Training loss stays the same

promach · July 29, 2021, 12:48pm

@ptrblck what else should I check other than grad_fn ?

ptrblck · July 30, 2021, 4:16am

Once all .grad_fn = None issues are solved, you could verify that all trainable parameters get valid gradients after the first backward() call by checking their .grad attribute:

loss.backward()
for name, param in model.named_parameters():
    print(name, param.grad)

If you are seeing gradients for the expected parameters and the model is still not training, try to overfit a tiny dataset (e.g. just 10 samples) by playing around with some hyperparameters.

promach · July 30, 2021, 7:53am

Strange, this still prints out None …

ptrblck · July 30, 2021, 7:59am

This would indicate, that the detaching issue is not solved yet or these parameters were never used in the computation graph.

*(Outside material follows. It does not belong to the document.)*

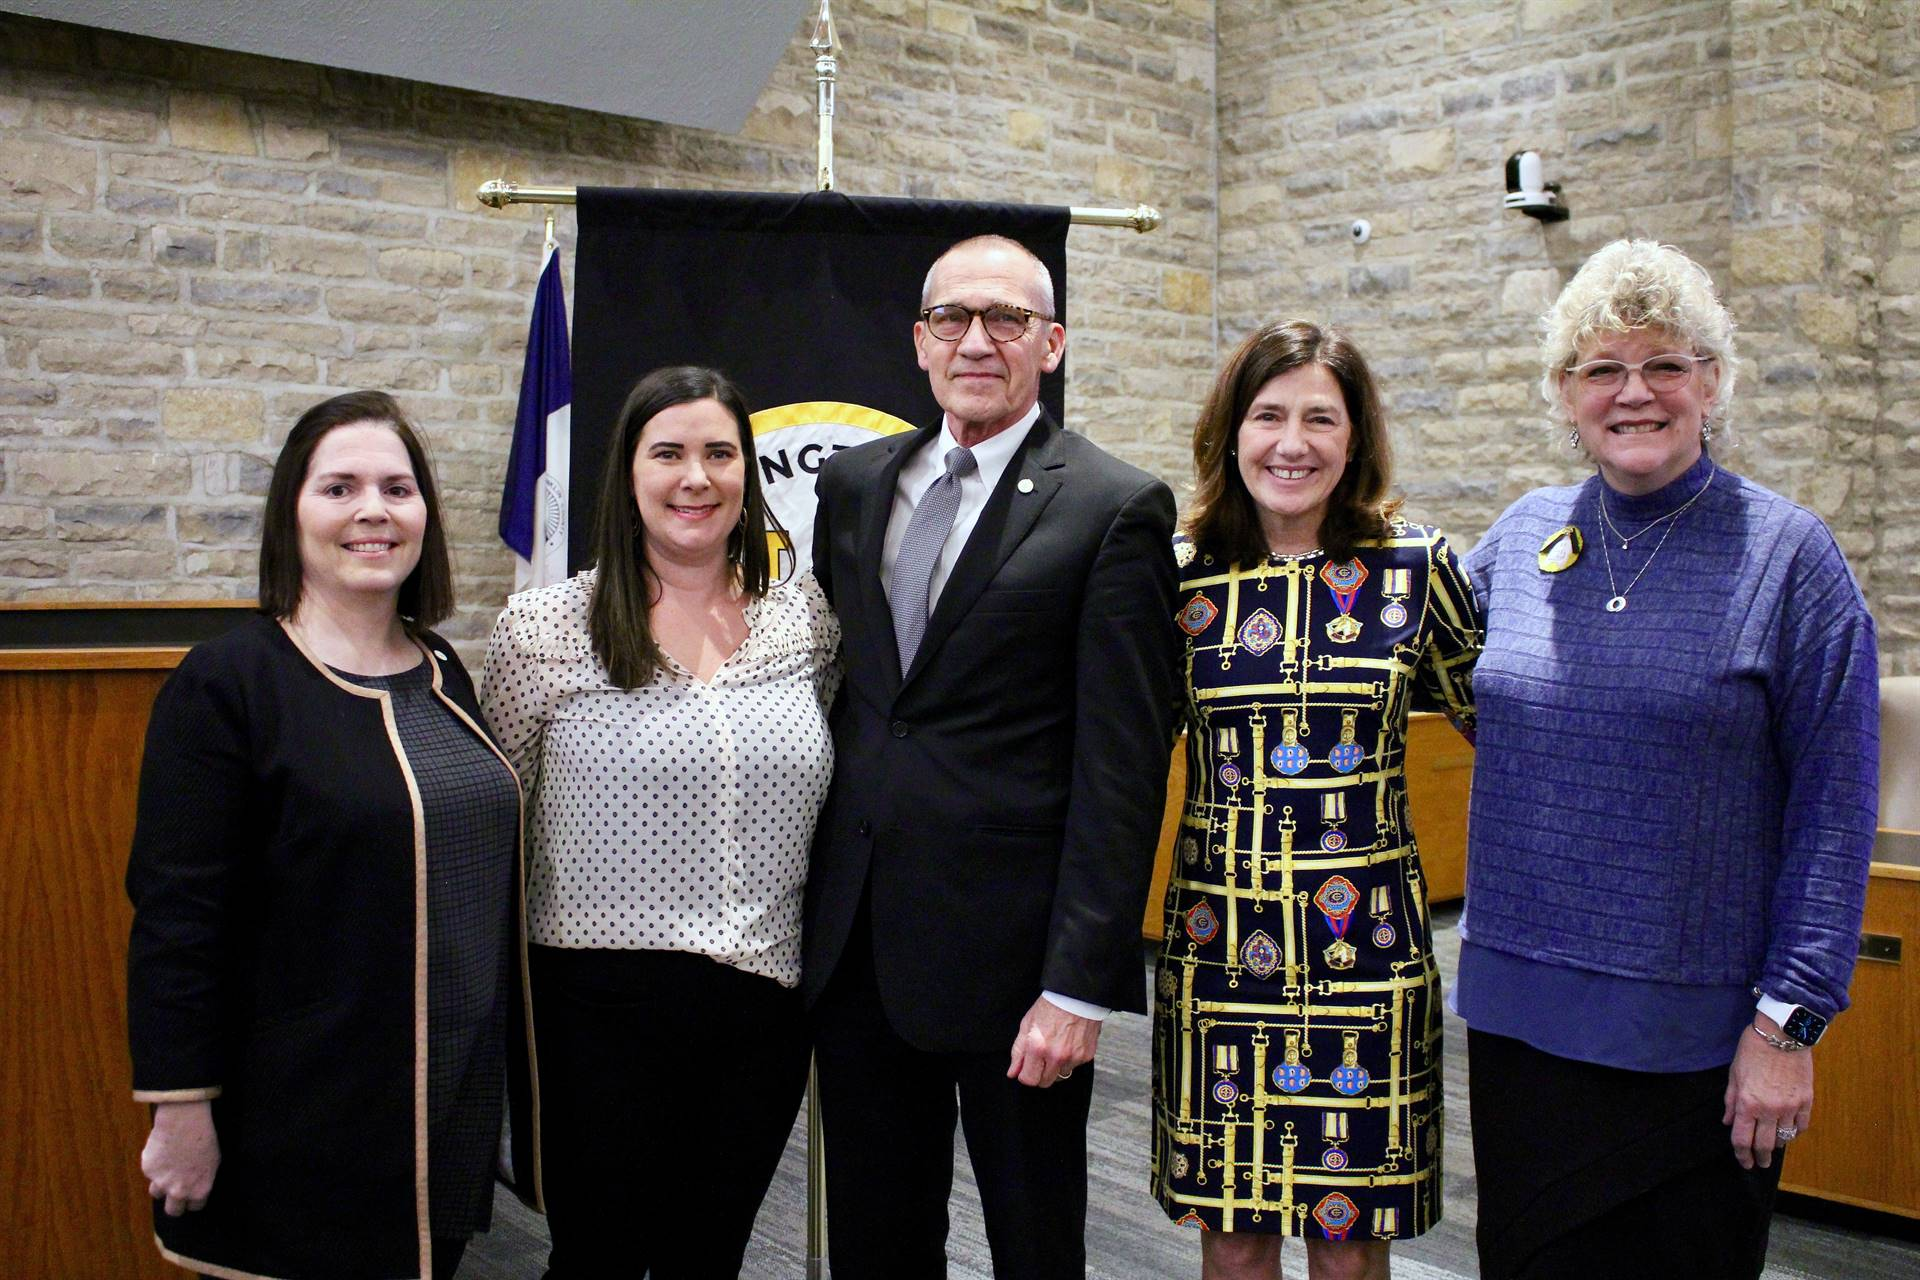 The members of the Upper Arlington Board of Education

promach · July 30, 2021, 8:11am

If they had been instantiated with such hierarchy : cells.0.nodes.0.connections.0.conv2d_edge.weights , why are they still not used in the computation graph ?

Strange…

promach · July 30, 2021, 11:00am

@ptrblck wait, I just found that there are still grad_fn = None issues for conv2d_edge which is also labelled as edges[0].f.weight

Unity05 · July 30, 2021, 12:00pm

You’re just calling forward_edge, but you’re actual conv layers get called in forward_f.

promach · July 30, 2021, 12:08pm

I changed it to forward_f(), but I am still getting the same grad_fn = None

promach · July 30, 2021, 1:02pm

I found a strange line of code which might had led to f.weight.grad = None

forward_f(x) does not really call the self.f inside class ConvEdge(Edge)

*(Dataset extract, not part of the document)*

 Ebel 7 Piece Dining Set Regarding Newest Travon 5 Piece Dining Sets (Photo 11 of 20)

    # for NN functions internal weights training
    def forward_f(self, x):
        self.__unfreeze_f()
        self.__freeze_w()

        # inheritance in python classes and SOLID principles
        # https://en.wikipedia.org/wiki/SOLID
        # https://blog.cleancoder.com/uncle-bob/2020/10/18/Solid-Relevance.html
        return self.f(x)

    # self-defined initial NAS architecture, for supernet architecture edge weight training
    def forward_edge(self, x):
        self.__freeze_f()
        self.__unfreeze_w()

        return x * self.weights


class ConvEdge(Edge):
    def __init__(self, stride):
        super().__init__()
        self.f = nn.Conv2d(in_channels=3, out_channels=3, kernel_size=(3, 3), stride=(stride, stride), padding=1)

Unity05 · July 30, 2021, 5:12pm

One problem is that you do

outputs1 = graph.cells[NUM_OF_CELLS-1].output
Ltrain = criterion(outputs1, train_labels)

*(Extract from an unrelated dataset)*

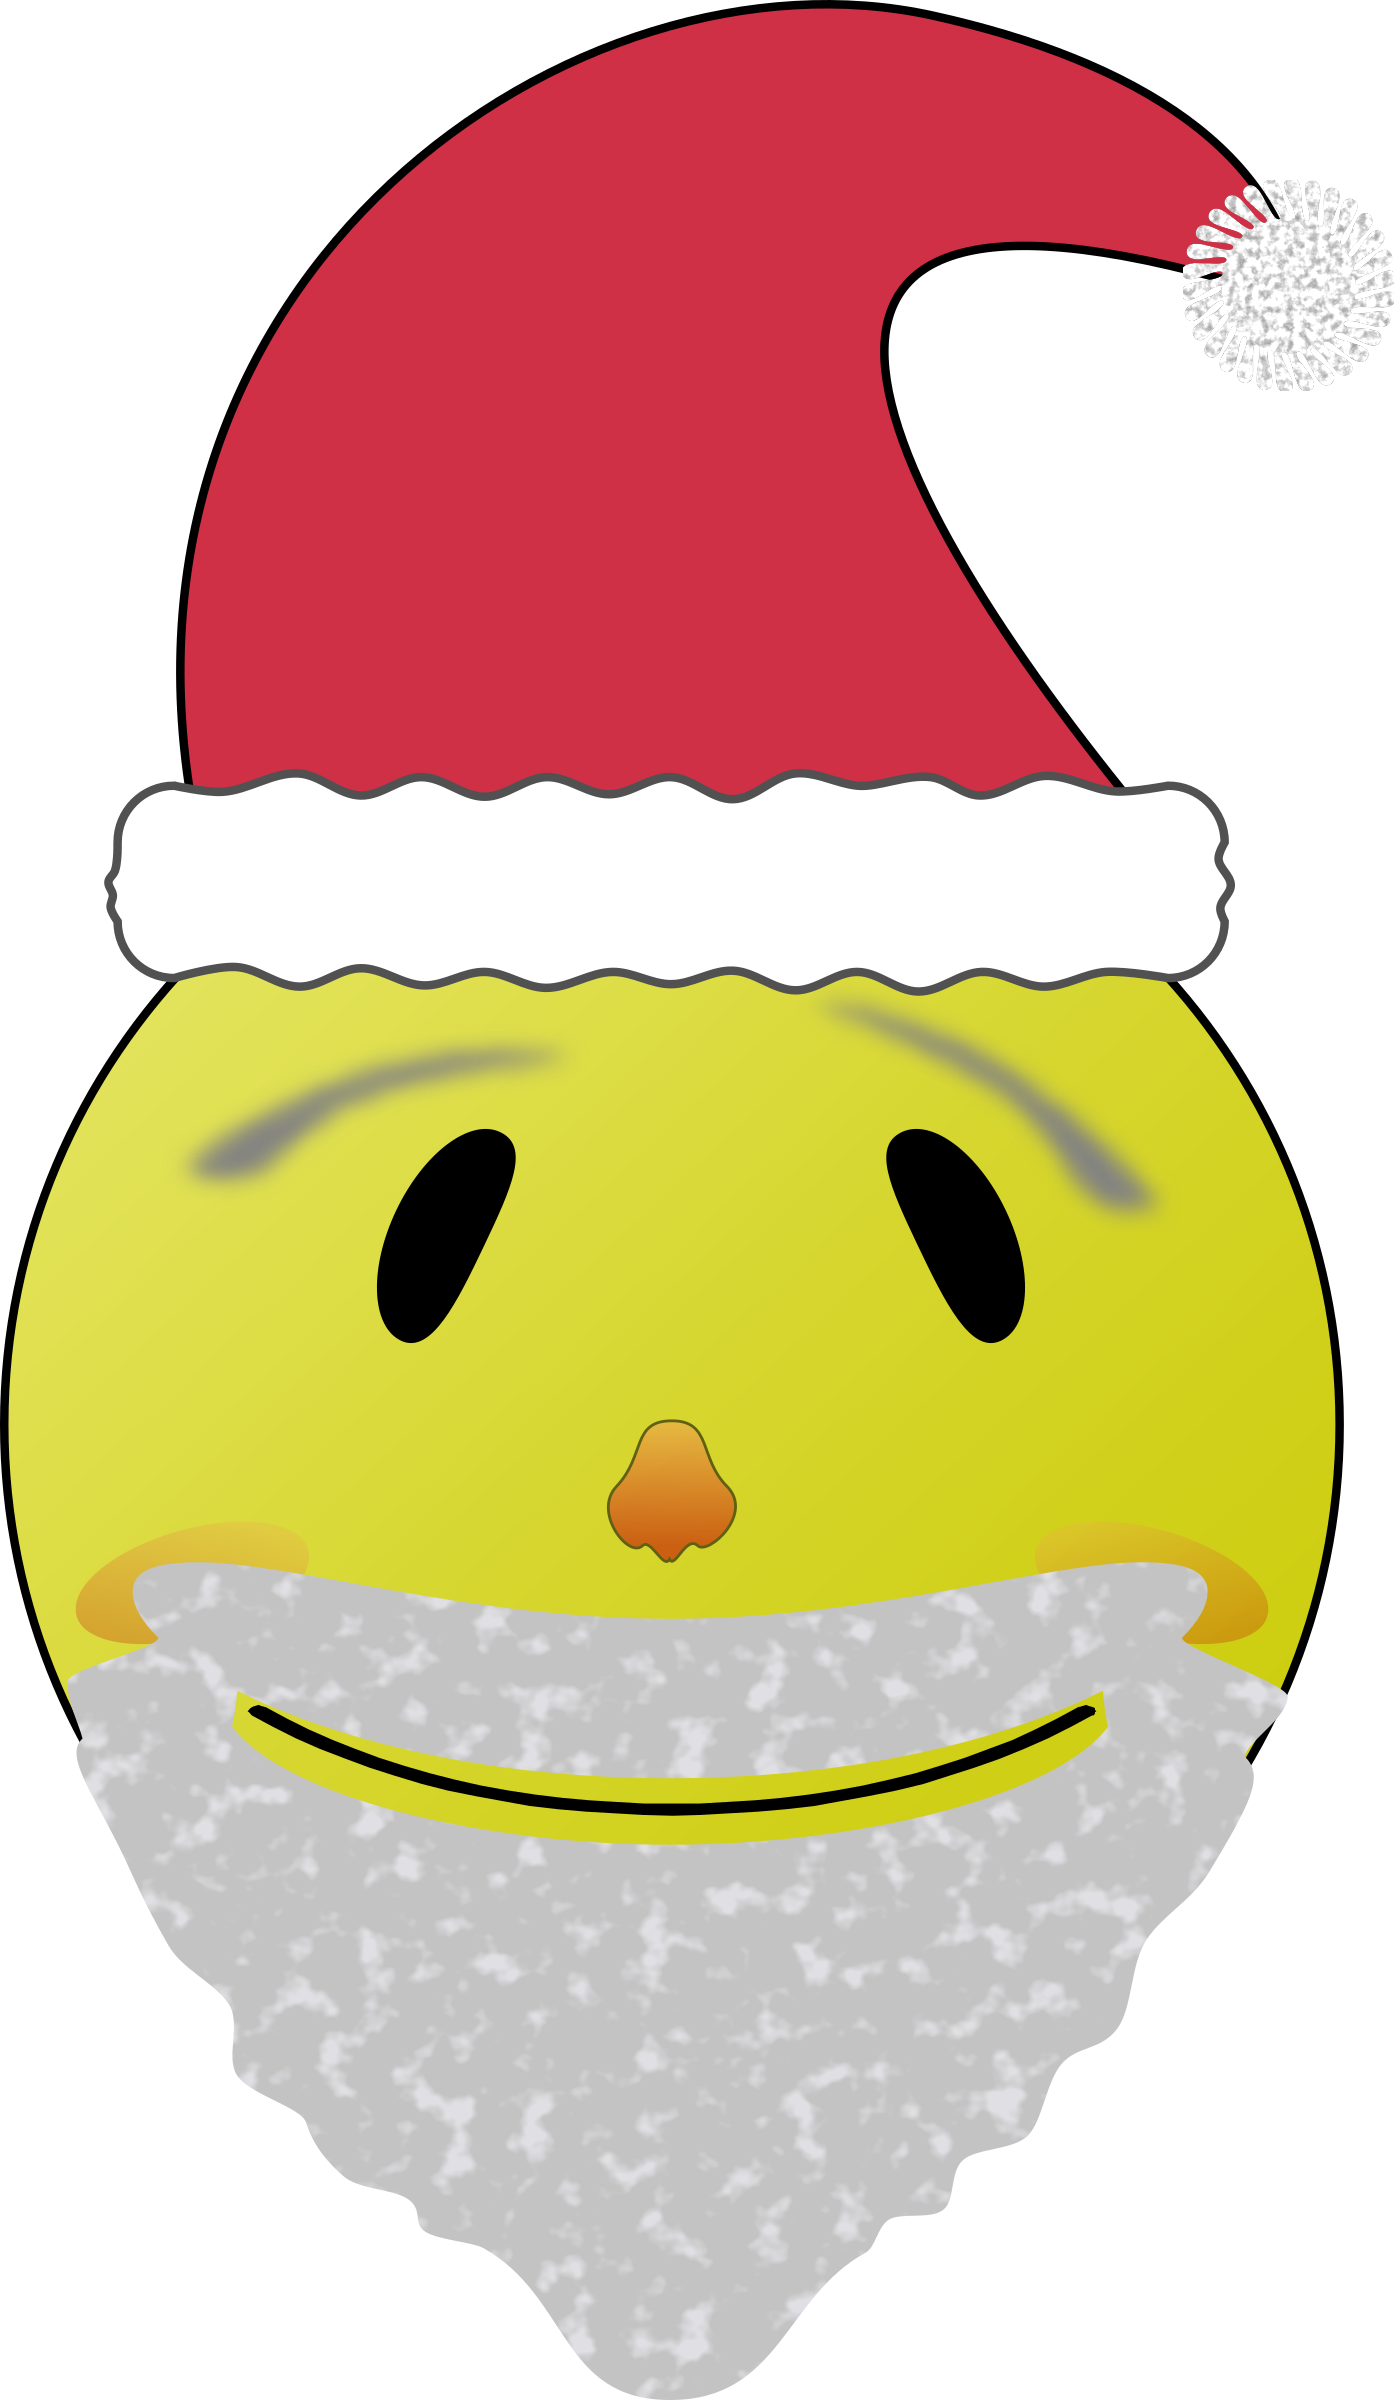 Free smiley cliparts download. Santa clipart basketball

but as far as I can see, outputs1 isn’t used in the computation graph we’re interested in.

promach · July 31, 2021, 2:22am

outputs1 is the output of the computation graph, of course it is not used inside the computation graph.

What is wrong with outputs1 then ?

Unity05 · July 31, 2021, 11:00am

I’ve tried to visualize the computation graph what I think you’re backwarding through:

I hope this visualization helps, if I haven’t overlooked anything.

promach · July 31, 2021, 11:04am

it seems the picture tells it all, but do I need requires_grad = True for train_labels ?

By the way, how does this picture tell why f.weight.grad = None occur ?

Unity05 · July 31, 2021, 11:11am

That is because, as you can see in the picture, the weight is not in the computation graph you’re backwarding.
Furthermore, by checking the attributes of outputs1, you can also see that it still is the user created tensor.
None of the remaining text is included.